Meski begitu, ia juga memberikan sejumlah catatan bagi pemerintah. Menurutnya, pemerintah juga perlu melakukan pendalaman terhadap potensi dampak yang mungkin bisa terjadi akibat kebijakan larangan ekspor tersebut.
“Misalkan saja bagi mereka-mereka yang belum memiliki smelter dan berproduksi, apakah produknya itu kemudian harus ditumpuk dan hanya boleh diekspor ketika smelter sudah bisa beroperasi? Itu kan artinya akan ada kehilangan devisa bagi negara,” tutur Eddy kepada Kontan.co.id, Rabu (21/12).
“Di samping itu juga ada potensi juga bagi mereka yang berhenti beroperasi, akan ada potensi kehilangan pekerjaan,” imbuhnya lagi.

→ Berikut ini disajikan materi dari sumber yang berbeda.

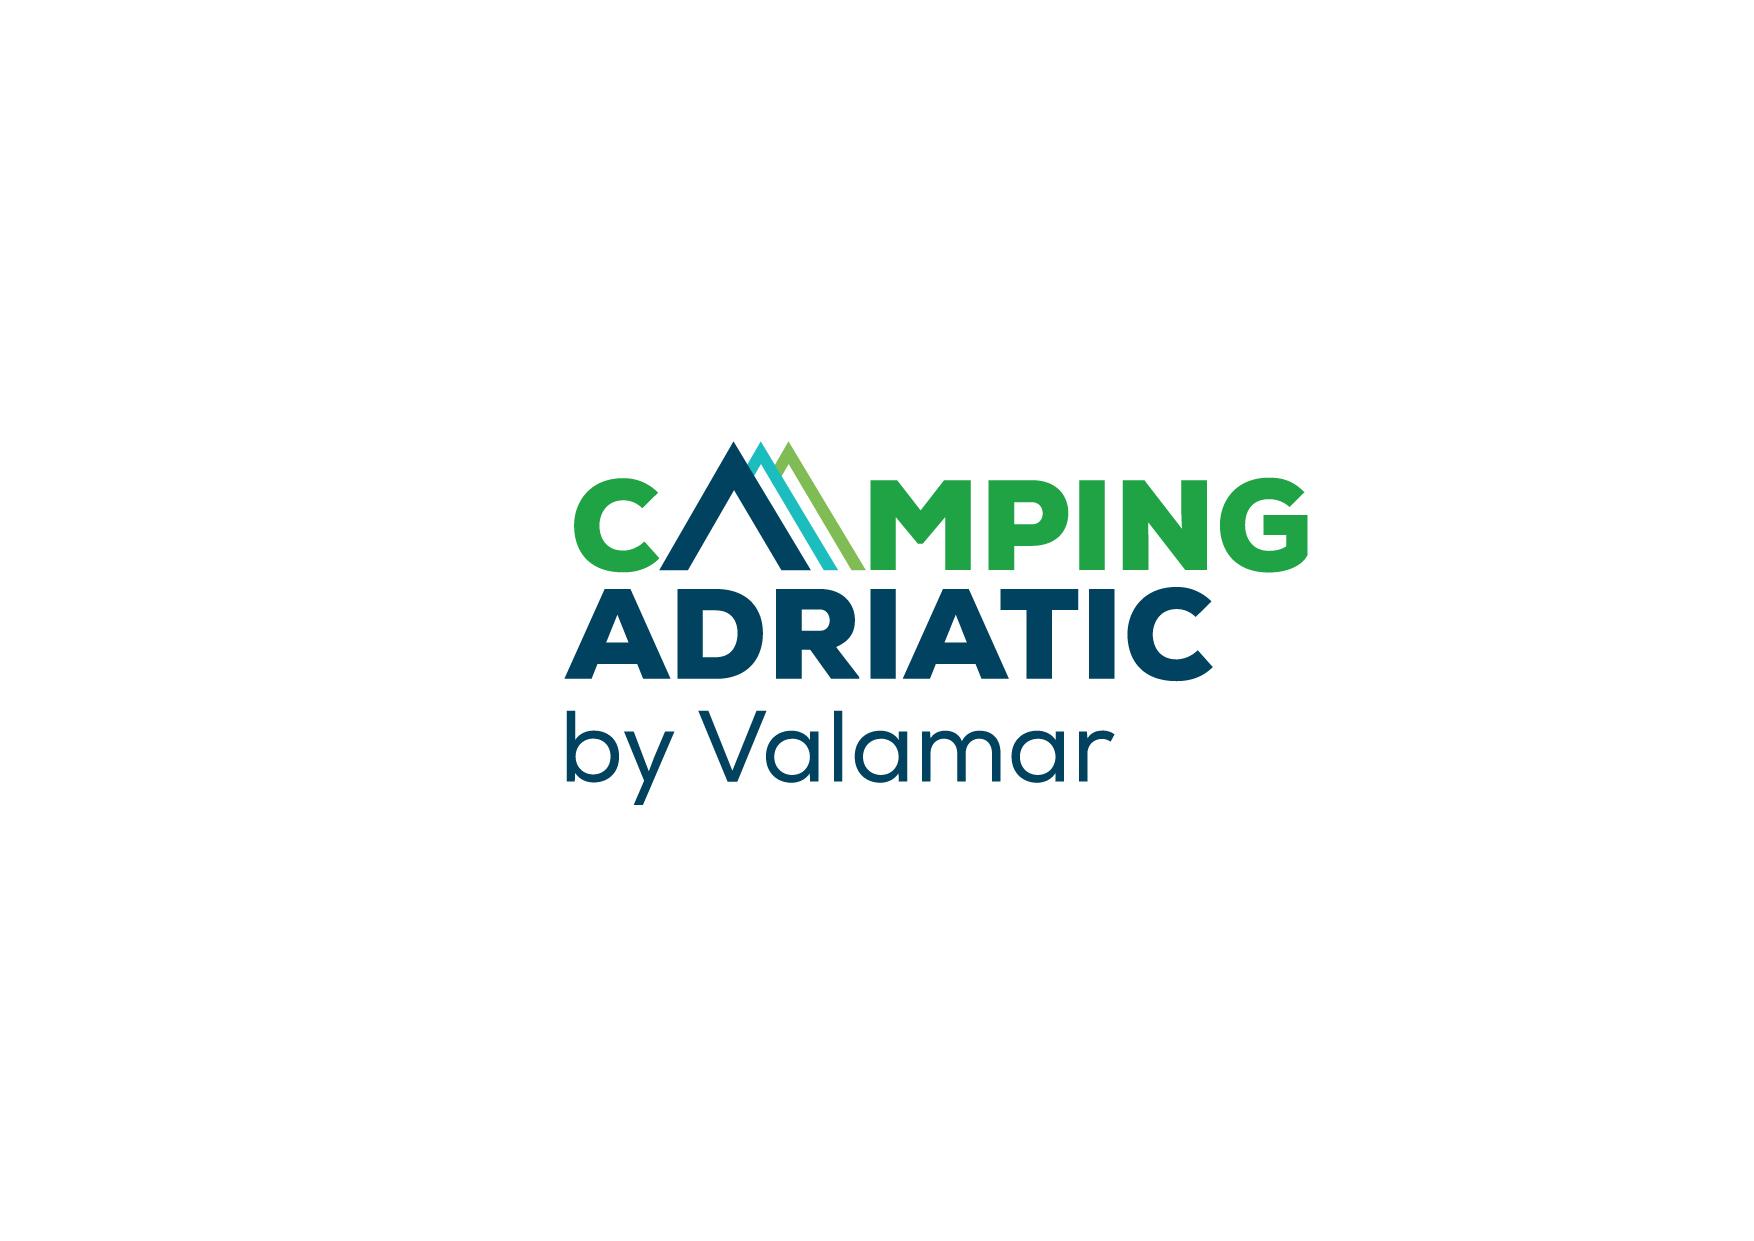 Solitudo Sunny Camping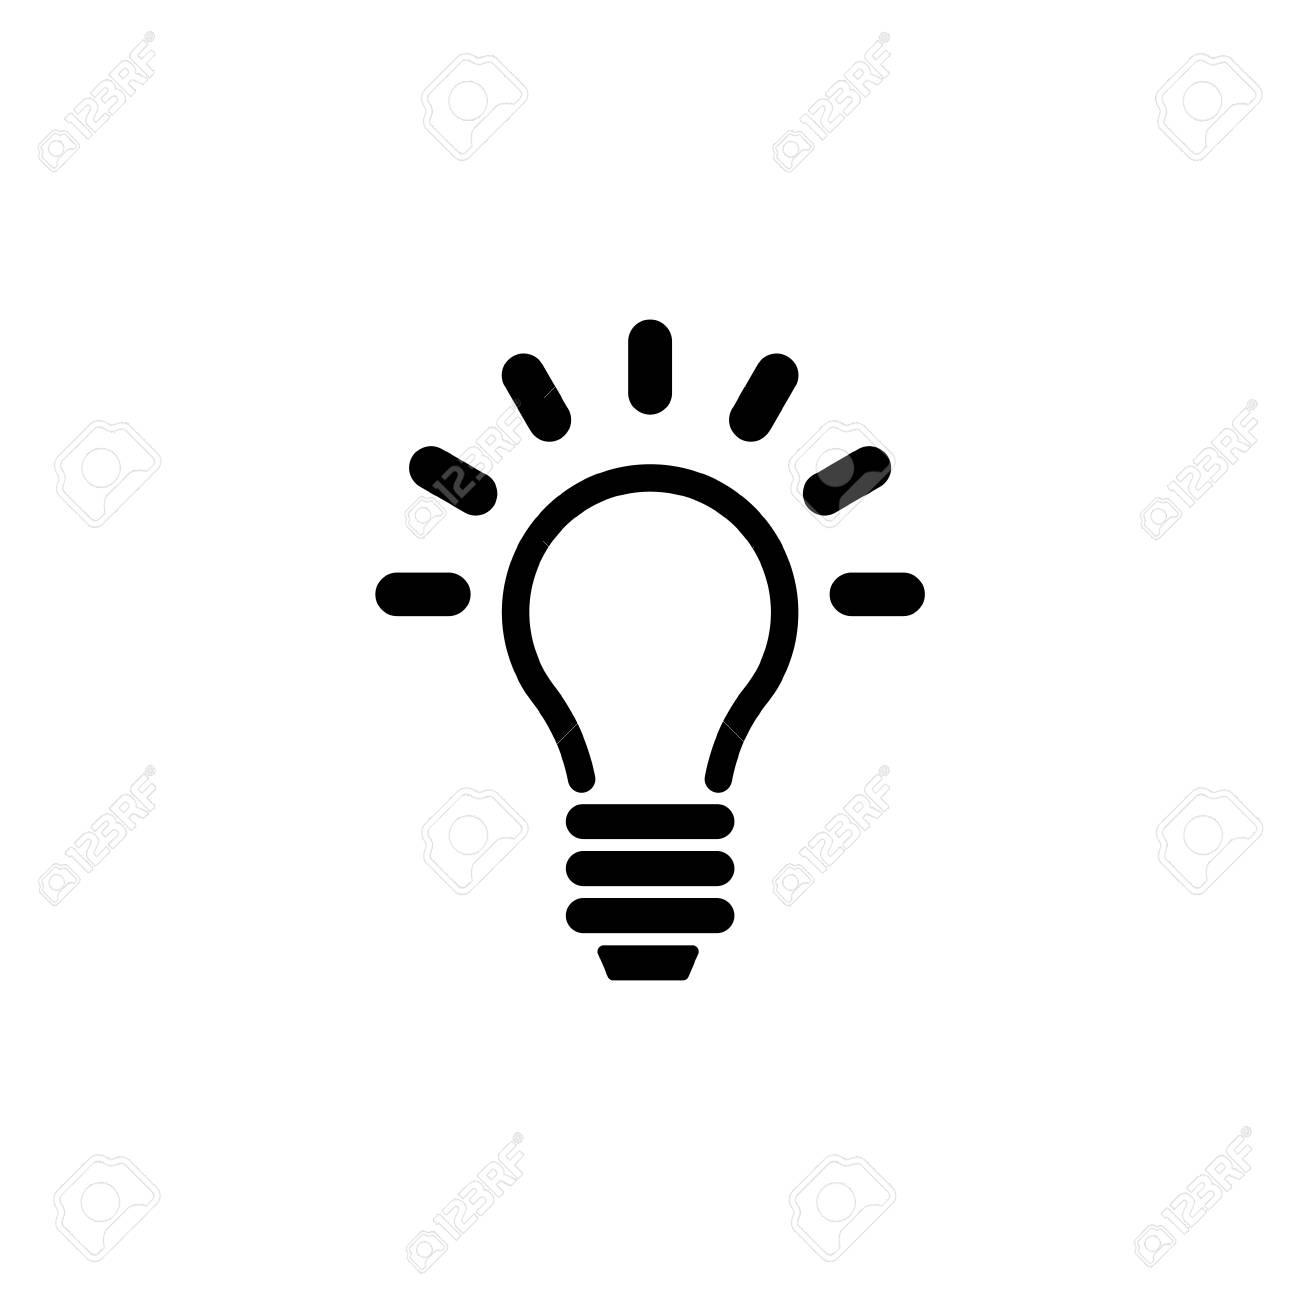 Lamp, Light Bulb, Idea. Flat Vector Icon illustration. Simple black symbol on white background. Lamp, Light Bulb, Idea sign design template for web and mobile UI element - 105626775

Baca Juga: Ada Wacana Larangan Ekspor Bijih Bauksit, IMA: Perlu Ada Percepatan Industri Hilir
Catatan lainnya, pemerintah menurut Eddy juga bisa melakukan hilirisasi hingga ke produk akhir dengan menghadirkan industri-industri turunan. Dengan begitu, hilirisasi dapat berjalan secara komprehensif sampai ke produk jadi.
“Bagi saya ini momen penting bagi kita untuk menggenjot hilirisasi secara komprehensif secara utuh dari produk-produk turunannya. Smelter itu kan baru merupakan turunan pertama dari proses hilirisasi, kalau kita bisa melakukan proses hilirisasi sampai ke produk akhir tentu itu sangat menambahi nilai, nilai tambahnya sangat besar,” terang Eddy.
Seperti diketahui, pemerintah berencana melakukan pelarangan ekspor bijih bauksit sekaligus mendorong industri pengolahan dan pemurnian bauksit di dalam negeri. Kebijakan pelarangan tersebut akan mulai diberlakukan pada Juni 2023. Kebijakan tersebut diumumkan oleh Jokowi pada Rabu (21/12).
Sebelumnya,pemerintah telah memberlakukan kebijakan pelarangan ekspor bijih nikel sejak 1 Januari 2020 lalu. Kebijakan tersebut, berdasarkan catatan Presiden Joko Widodo (Jokowi), berhasil meningkatkan nilai ekspor nikel secara signifikan dari Rp17 triliun di akhir tahun 2014 menjadi Rp 326 triliun pada tahun 2021, atau meningkat 19 kali lipat.